На момент начала сессий жизнь Тани, которая и так не отличалась стабильностью, пришла в точку особенной неустойчивости. Девушка жила в общежитии для тех, кого освободили условно-досрочно. Она могла находиться там в течение года. Все это время она рисковала вновь попасть в тюрьму, если совершит преступление, нарушит правила общежития или пропустит встречи с инспектором по пробации. Для Тани складывалась опасная ситуация: девушка боялась собственных приступов гнева, а также переживала из-за того, что на относительной свободе вернется к спиртному, наркотикам и жестоким партнерам, а также что любая ошибка отдалит ее от шанса на восстановление опеки над Люком – ее восьмилетним сыном, который жил с бабушкой по отцовской линии.
На одной из первых встреч она произнесла фразу, которая застряла у меня в голове. Я объяснила, как будут проходить наши сеансы, и сказала, что понимаю, насколько тяжело опять возвращаться к прошлому, но уже с новым человеком. Она улыбнулась: «Тот же трейлер, но на другой стоянке».
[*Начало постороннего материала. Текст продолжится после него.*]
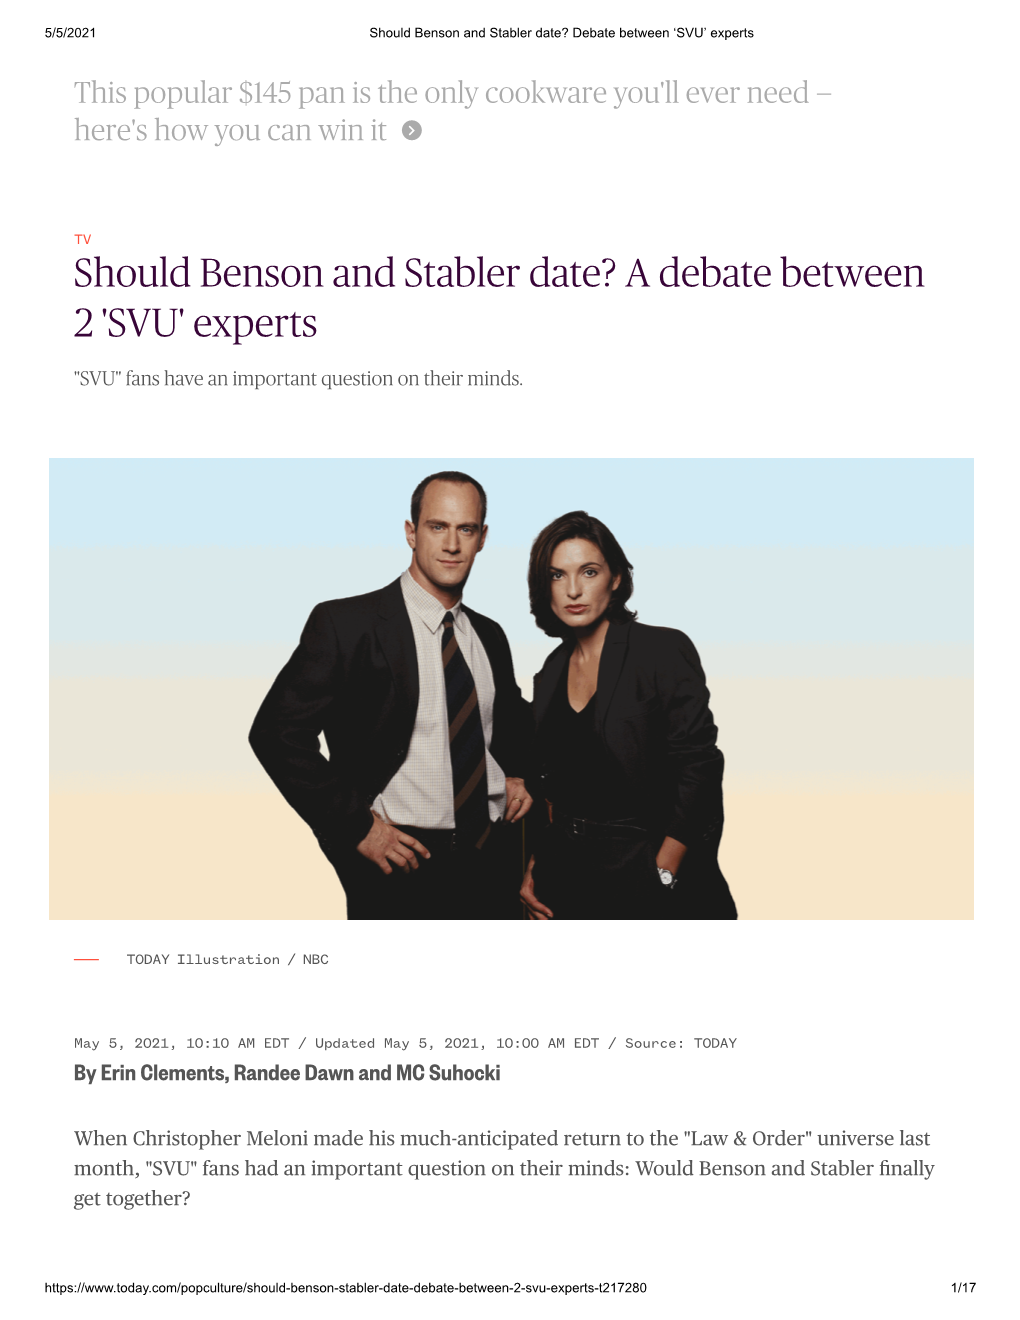 Should Benson and Stabler Date? Debate Between ‘SVU’ Experts

Таня – молодая девушка, но люди в ее жизни постоянно менялись и не задерживались: это касалось социальных работников, психологов, полицейских и инспекторов по надзору за условно осужденными. Таня не доверяла никому из них. Она считала, что они существуют лишь для порицания после того, как гнев, отвращение к себе и страх вылились в преступление. Никто из тех, кто должен был поддерживать девушку, на самом деле этого не делал. Все просто оставались в стороне и не обращали внимания на то, что Таня сталкивается с насилием и пренебрежением. Они наблюдали, как она разрушает себя и других, но решили вмешаться лишь тогда, когда стало уже слишком поздно. Почему же в этот раз все должно сложиться иначе?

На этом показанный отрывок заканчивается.